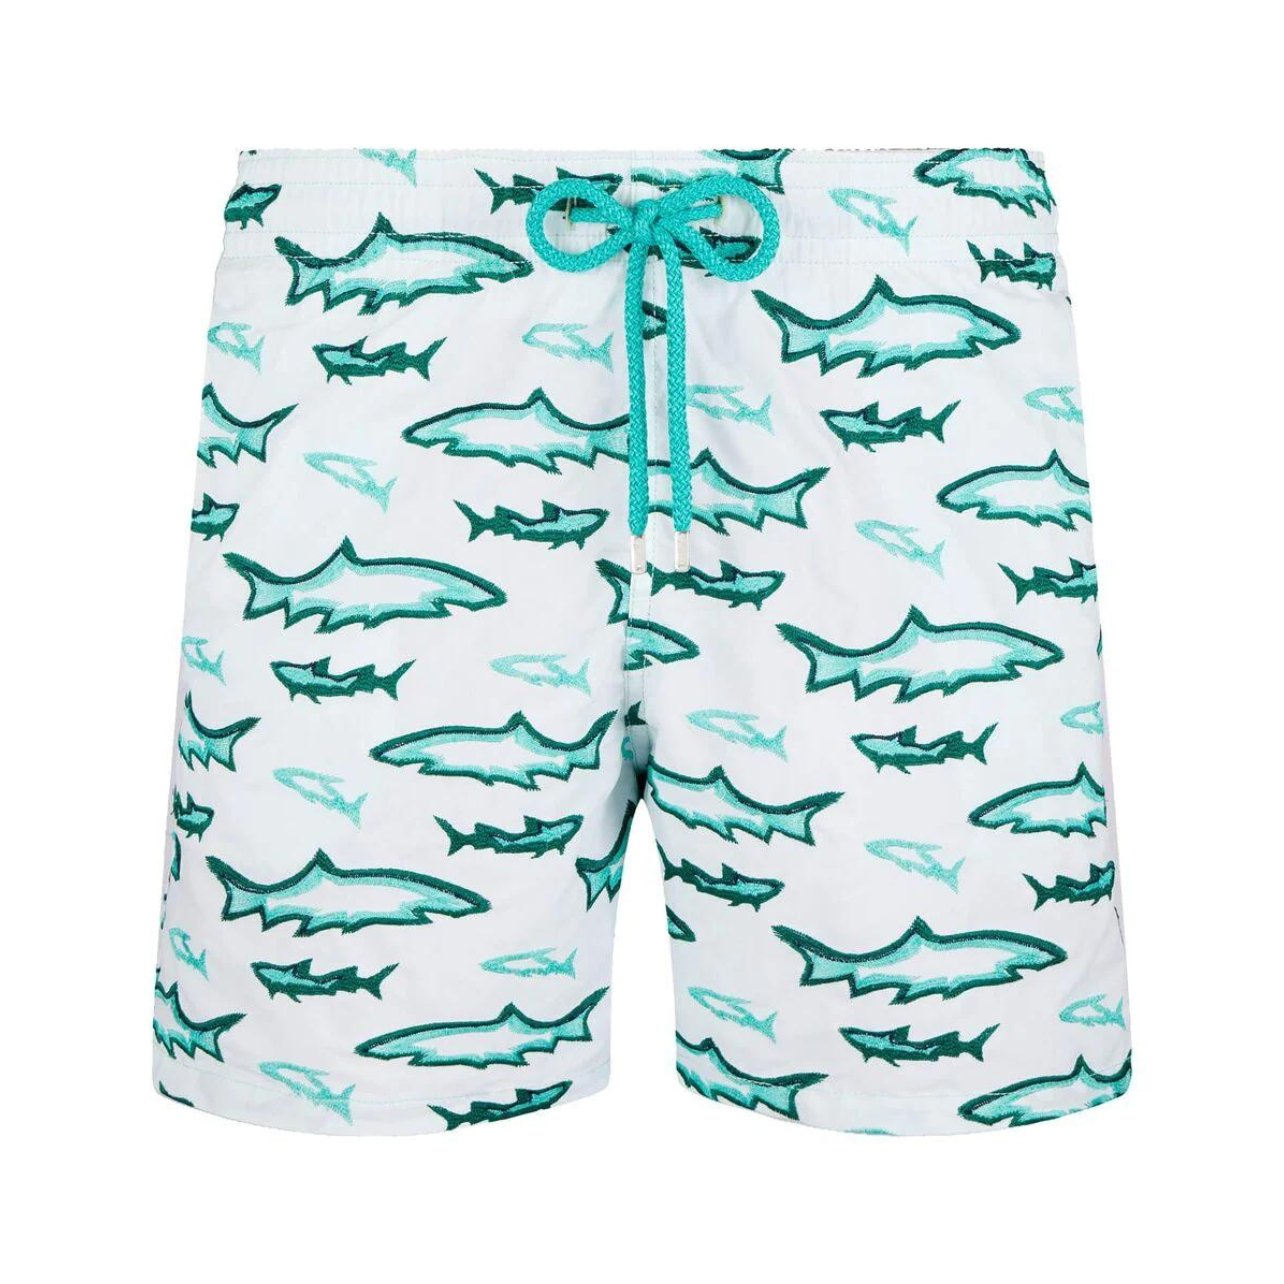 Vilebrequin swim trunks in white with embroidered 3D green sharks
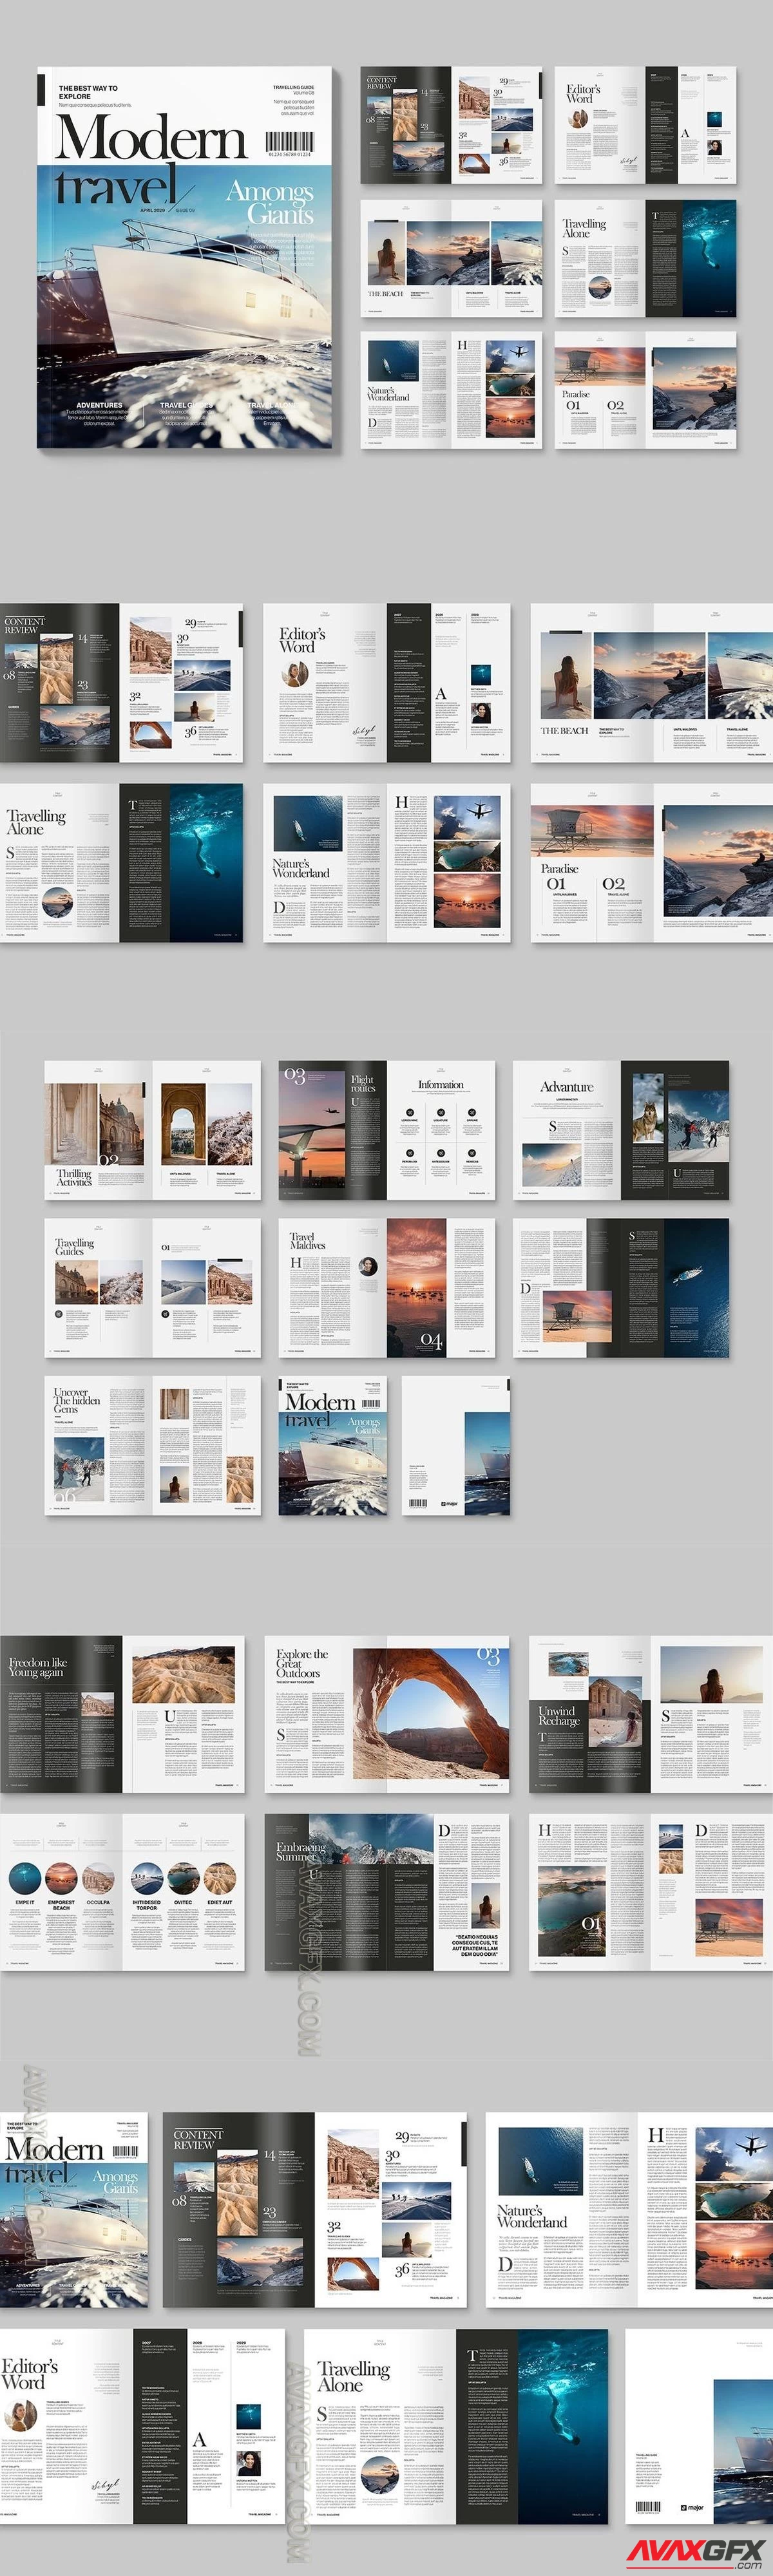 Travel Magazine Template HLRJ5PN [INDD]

◇ ◇ ◇ ◇ ◇

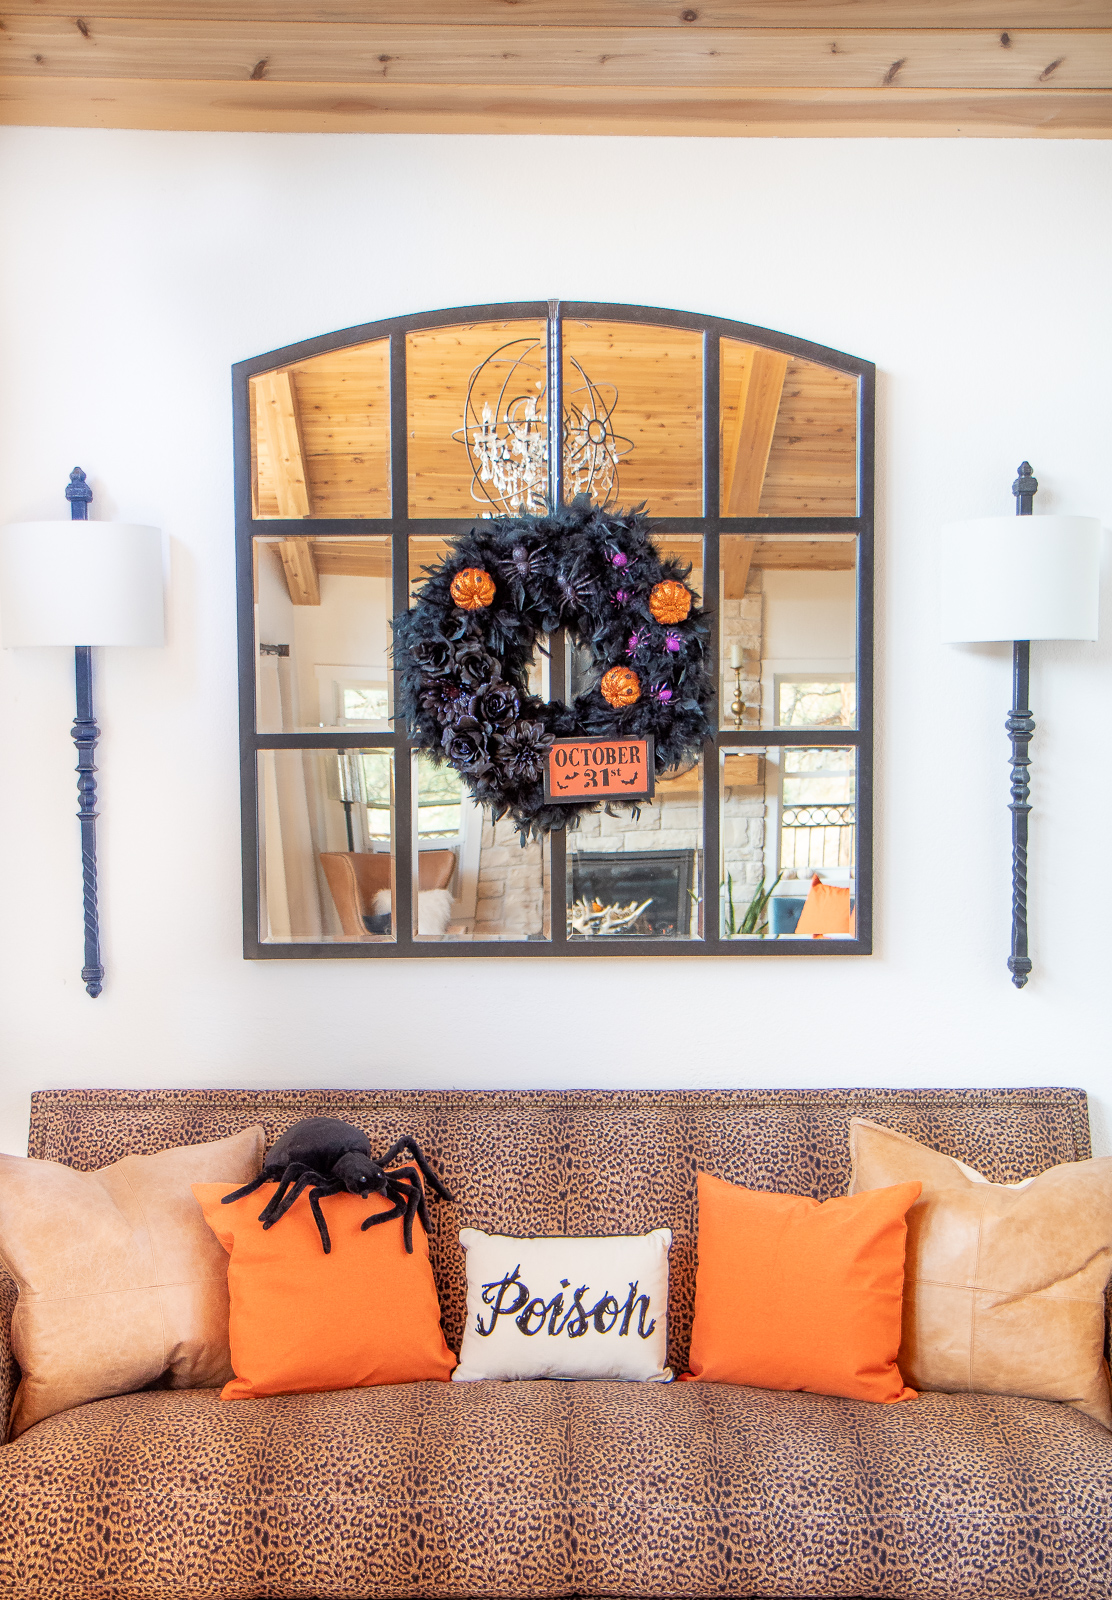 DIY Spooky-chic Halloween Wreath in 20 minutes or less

◇ ◇ ◇ ◇ ◇

How would the lines above read from the one with "Vilebrequin swim trunks" to the one with "Travel Magazine Template HLRJ5PN [INDD]", inclusive, with no pictures? Write them out exactly.

Exercise solution:
 Vilebrequin swim trunks in white with embroidered 3D green sharks
 Travel Magazine Template HLRJ5PN [INDD]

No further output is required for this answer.